SQLite3 is a great tool, and I use often in my development environment for several reasons. However, it has its own quirks, and I discovered another one, that is well documented:LIKE
usually works in a case insensitive manner (pretty much as ilike
in PostgreSQL).
Except when it has to deal with UTF-8 characters: in this case LIKE
turns into a case sensitive behavior by default.

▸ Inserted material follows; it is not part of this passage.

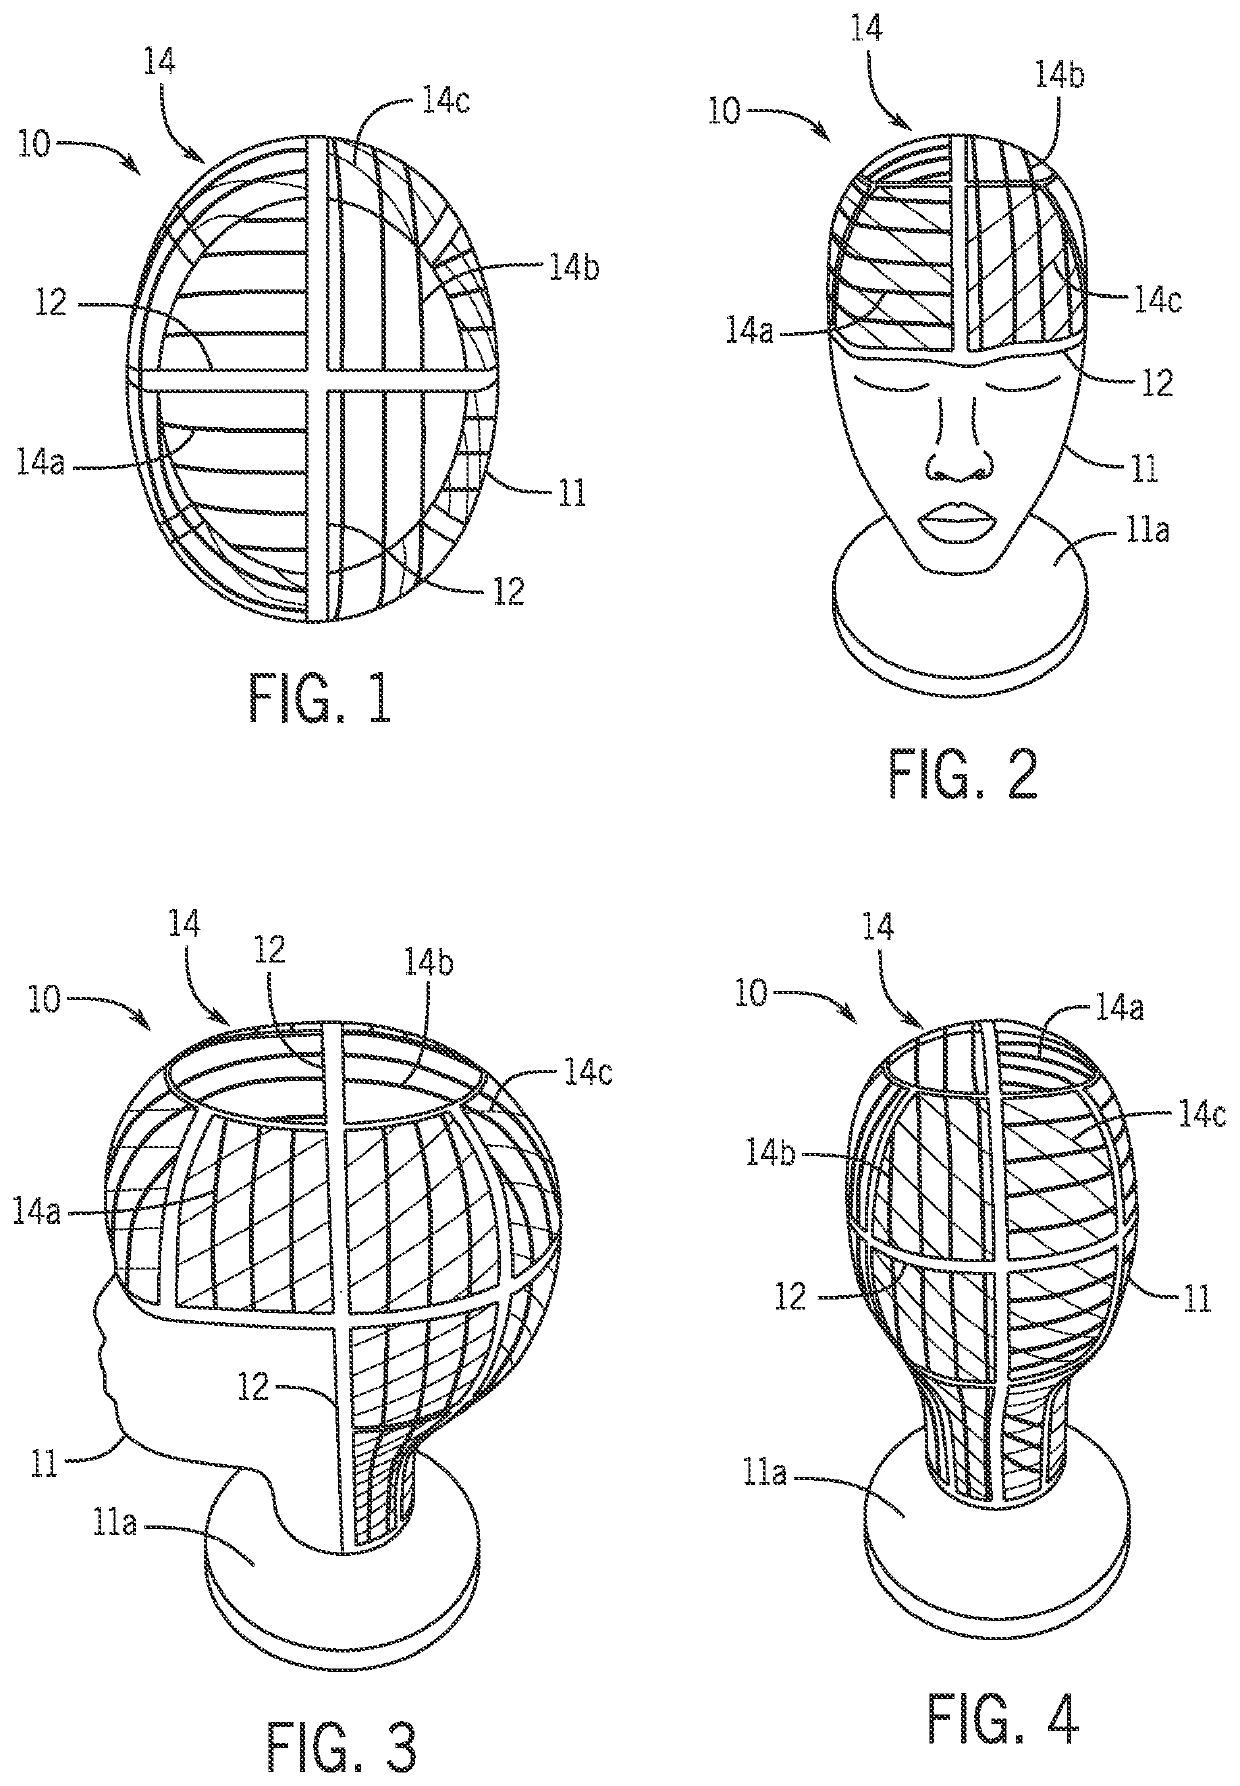 Educational hairstyling apparatus, system, and method

I found it by accident, while trying to fix a problem in an application I have to mantain, so I asked the SQLite3 Community forum for some explaination. As you can see from the example I posted, it seems that SQLite3 is not able to manage case-insensitive accented letters:
SQLite version 3.45.1 2024-01-30 16:01:20
Enter ".help" for usage hints.
sqlite> create table test( i varchar(10), c varchar(10) );
sqlite> insert into test( i, c ) values( 'perciò', 'PERCIÒ' );
sqlite> select * from test where i like '%perciò%';
perciò|PERCIÒ
-- not working
sqlite> select * from test where c like '%perciò%';
sqlite> PRAGMA case_sensitive_like=OFF;
-- not working
sqlite> select * from test where c like '%perciò%';
-- not working
sqlite> select * from test where i like '%PERCIÒ%';
-- working but without accented letters
sqlite> select * from test where i like '%PERC%';
perciò|PERCIÒ
The truth behind this behavior, is that the accented letters are managed as UTF-8, and in such cases the behavior of SQLite3
LIKE
is to change transparently into case sensitive. This is documented in section 5 of this page that states:
Note: SQLite only understands upper/lower case for ASCII characters by default. The LIKE operator is case sensitive by default for unicode characters that are beyond the ASCII range.
The solution is to either use an extension based on ICU, or to case fold the strings before comparing them.